Problem description: The full listing, exactly as written and with no images, is the expected output.

Dataset content:
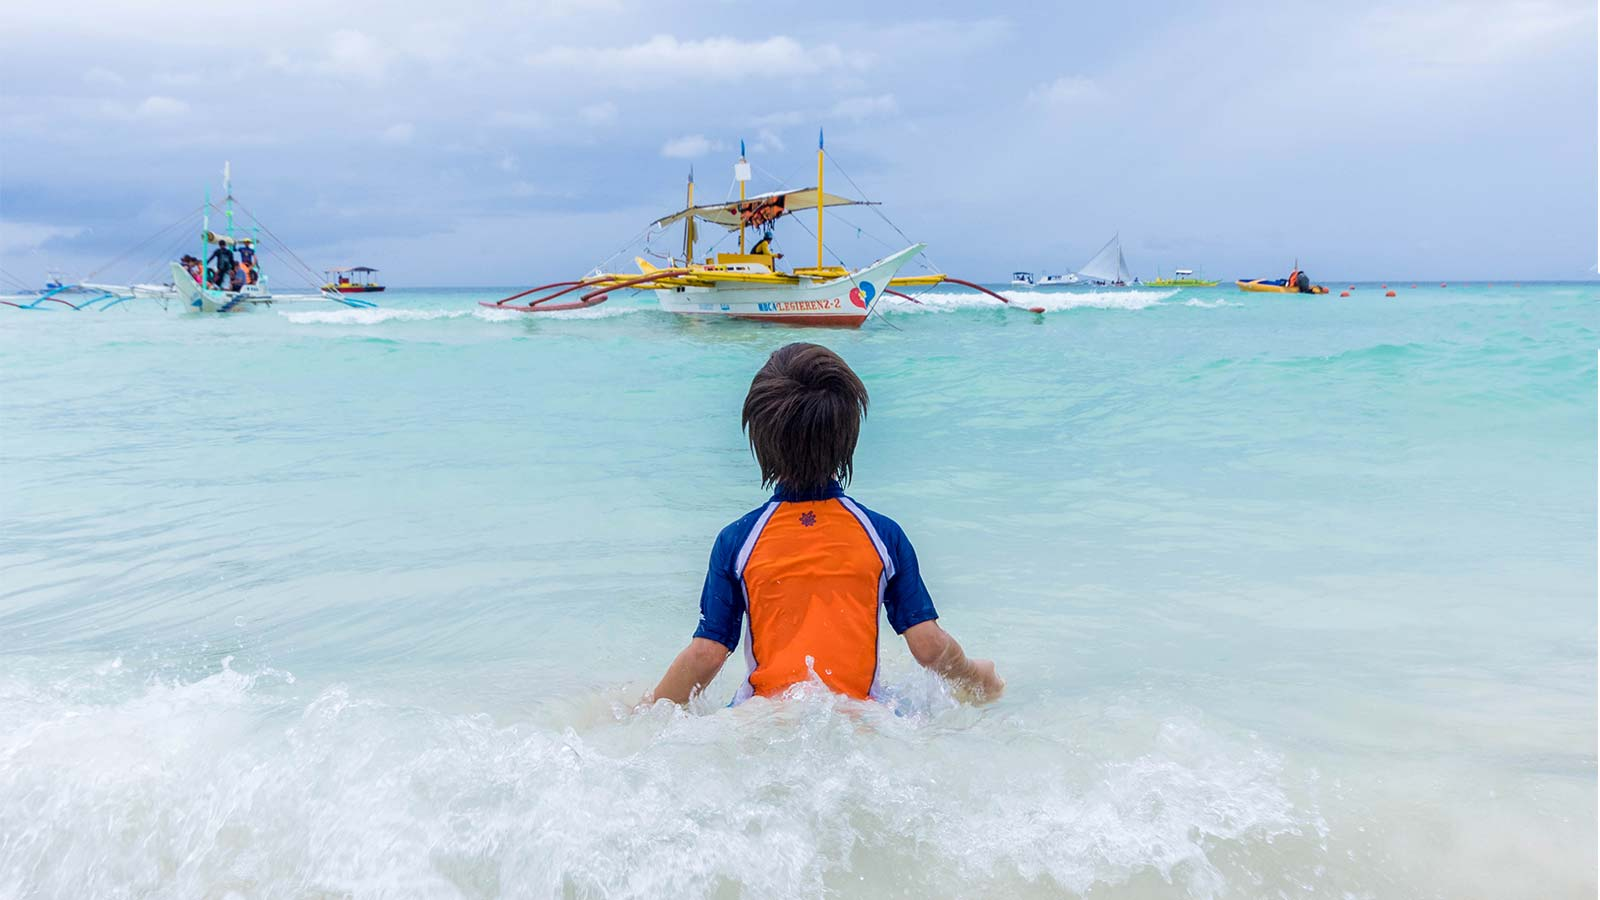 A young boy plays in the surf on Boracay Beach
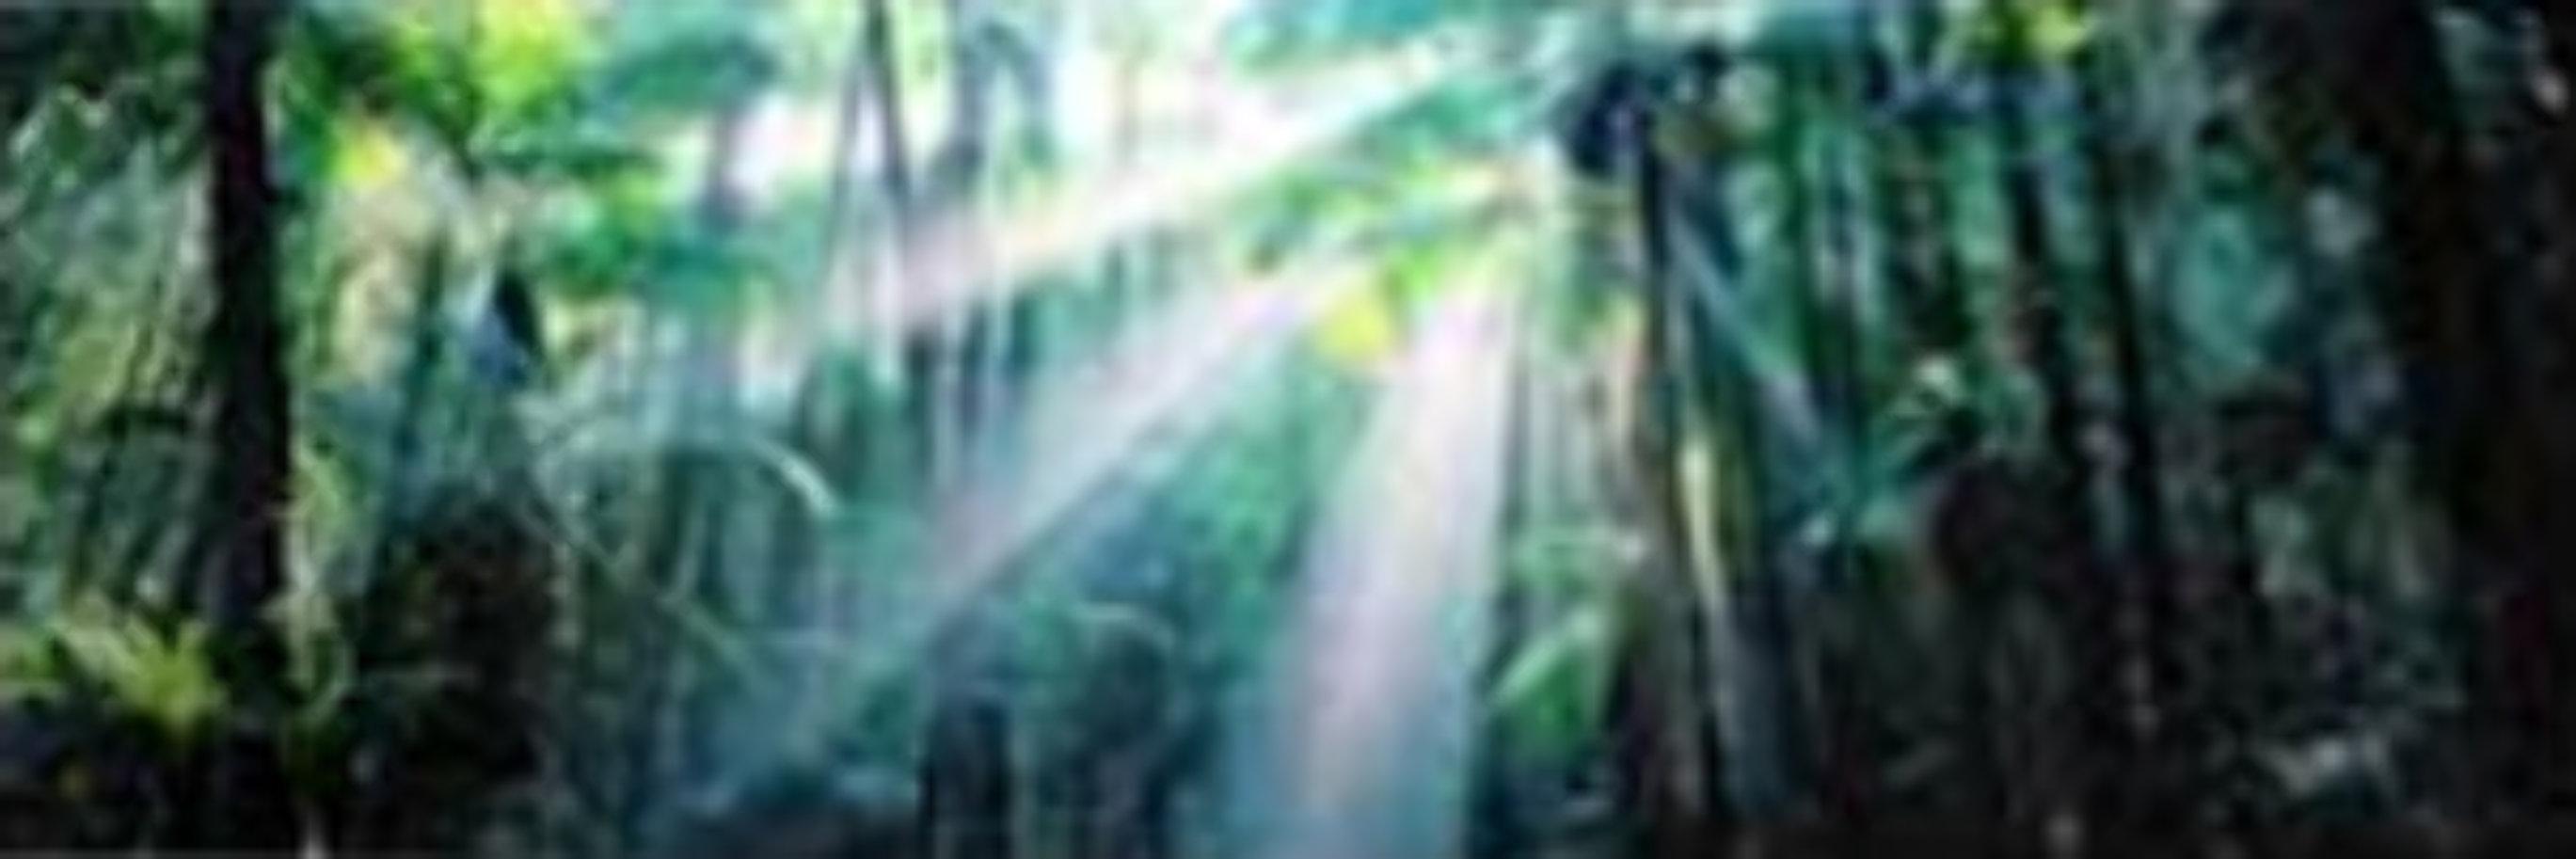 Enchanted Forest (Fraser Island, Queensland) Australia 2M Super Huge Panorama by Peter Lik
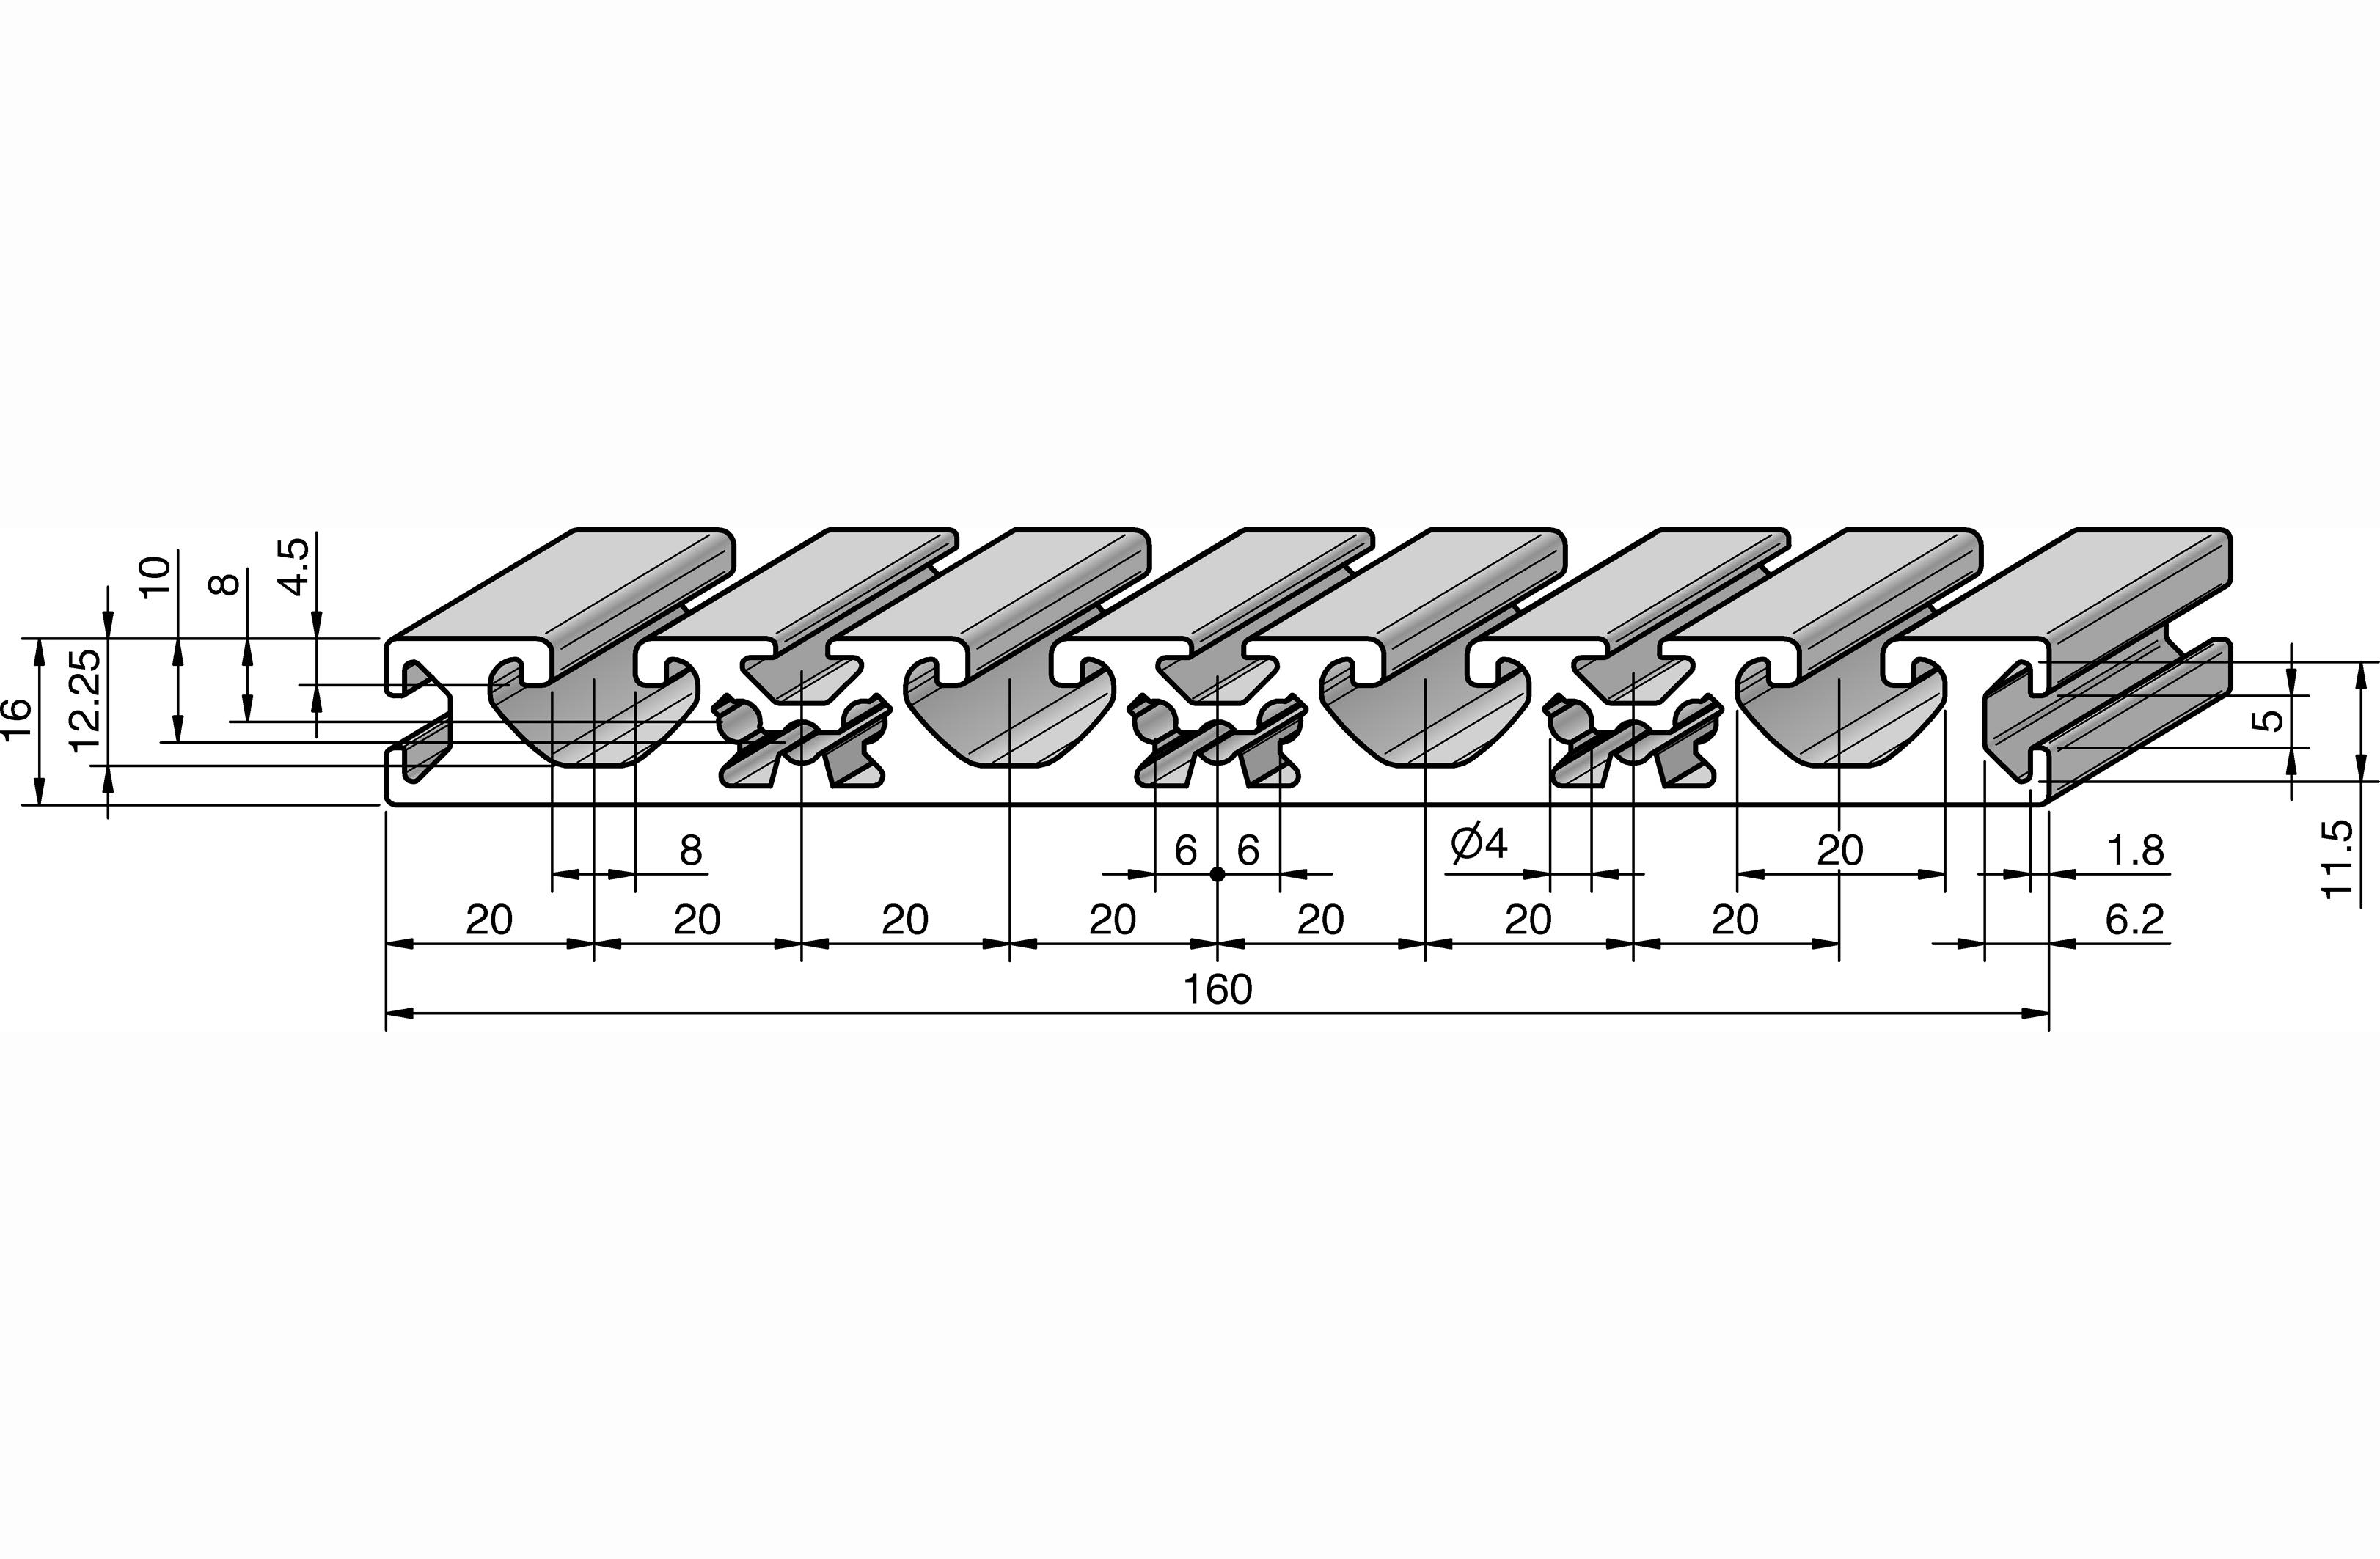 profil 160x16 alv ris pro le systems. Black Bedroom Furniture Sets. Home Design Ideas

Answer section:
 A young boy plays in the surf on Boracay Beach
 Enchanted Forest (Fraser Island, Queensland) Australia 2M Super Huge Panorama by Peter Lik
 profil 160x16 alv ris pro le systems. Black Bedroom Furniture Sets. Home Design Ideas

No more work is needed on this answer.